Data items
━━━━

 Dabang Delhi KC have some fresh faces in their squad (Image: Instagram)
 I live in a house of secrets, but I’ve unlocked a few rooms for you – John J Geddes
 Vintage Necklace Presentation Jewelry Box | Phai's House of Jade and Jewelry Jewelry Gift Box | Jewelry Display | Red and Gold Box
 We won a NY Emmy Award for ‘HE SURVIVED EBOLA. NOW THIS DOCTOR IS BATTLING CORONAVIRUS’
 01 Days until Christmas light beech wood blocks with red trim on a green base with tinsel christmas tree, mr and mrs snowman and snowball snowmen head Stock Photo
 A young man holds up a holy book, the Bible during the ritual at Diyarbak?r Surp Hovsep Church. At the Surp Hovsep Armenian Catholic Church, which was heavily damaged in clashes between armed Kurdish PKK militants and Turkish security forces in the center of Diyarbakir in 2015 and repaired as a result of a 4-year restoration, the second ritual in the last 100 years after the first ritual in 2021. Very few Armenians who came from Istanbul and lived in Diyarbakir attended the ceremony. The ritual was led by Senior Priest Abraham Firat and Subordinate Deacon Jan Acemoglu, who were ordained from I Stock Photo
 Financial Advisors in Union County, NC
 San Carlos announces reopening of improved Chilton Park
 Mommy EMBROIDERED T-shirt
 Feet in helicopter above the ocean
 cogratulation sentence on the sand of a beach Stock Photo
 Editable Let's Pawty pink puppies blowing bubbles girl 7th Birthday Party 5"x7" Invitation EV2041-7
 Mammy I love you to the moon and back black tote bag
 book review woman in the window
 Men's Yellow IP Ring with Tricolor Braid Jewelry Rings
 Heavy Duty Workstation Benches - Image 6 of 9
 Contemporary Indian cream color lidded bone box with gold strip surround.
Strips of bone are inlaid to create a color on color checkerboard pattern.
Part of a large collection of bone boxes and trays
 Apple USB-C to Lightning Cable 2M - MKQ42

━━━━

Repeat every record above. Each one must match exactly.

- Answer to the problem
 Dabang Delhi KC have some fresh faces in their squad (Image: Instagram)
 I live in a house of secrets, but I’ve unlocked a few rooms for you – John J Geddes
 Vintage Necklace Presentation Jewelry Box | Phai's House of Jade and Jewelry Jewelry Gift Box | Jewelry Display | Red and Gold Box
 We won a NY Emmy Award for ‘HE SURVIVED EBOLA. NOW THIS DOCTOR IS BATTLING CORONAVIRUS’
 01 Days until Christmas light beech wood blocks with red trim on a green base with tinsel christmas tree, mr and mrs snowman and snowball snowmen head Stock Photo
 A young man holds up a holy book, the Bible during the ritual at Diyarbak?r Surp Hovsep Church. At the Surp Hovsep Armenian Catholic Church, which was heavily damaged in clashes between armed Kurdish PKK militants and Turkish security forces in the center of Diyarbakir in 2015 and repaired as a result of a 4-year restoration, the second ritual in the last 100 years after the first ritual in 2021. Very few Armenians who came from Istanbul and lived in Diyarbakir attended the ceremony. The ritual was led by Senior Priest Abraham Firat and Subordinate Deacon Jan Acemoglu, who were ordained from I Stock Photo
 Financial Advisors in Union County, NC
 San Carlos announces reopening of improved Chilton Park
 Mommy EMBROIDERED T-shirt
 Feet in helicopter above the ocean
 cogratulation sentence on the sand of a beach Stock Photo
 Editable Let's Pawty pink puppies blowing bubbles girl 7th Birthday Party 5"x7" Invitation EV2041-7
 Mammy I love you to the moon and back black tote bag
 book review woman in the window
 Men's Yellow IP Ring with Tricolor Braid Jewelry Rings
 Heavy Duty Workstation Benches - Image 6 of 9
 Contemporary Indian cream color lidded bone box with gold strip surround.
Strips of bone are inlaid to create a color on color checkerboard pattern.
Part of a large collection of bone boxes and trays
 Apple USB-C to Lightning Cable 2M - MKQ42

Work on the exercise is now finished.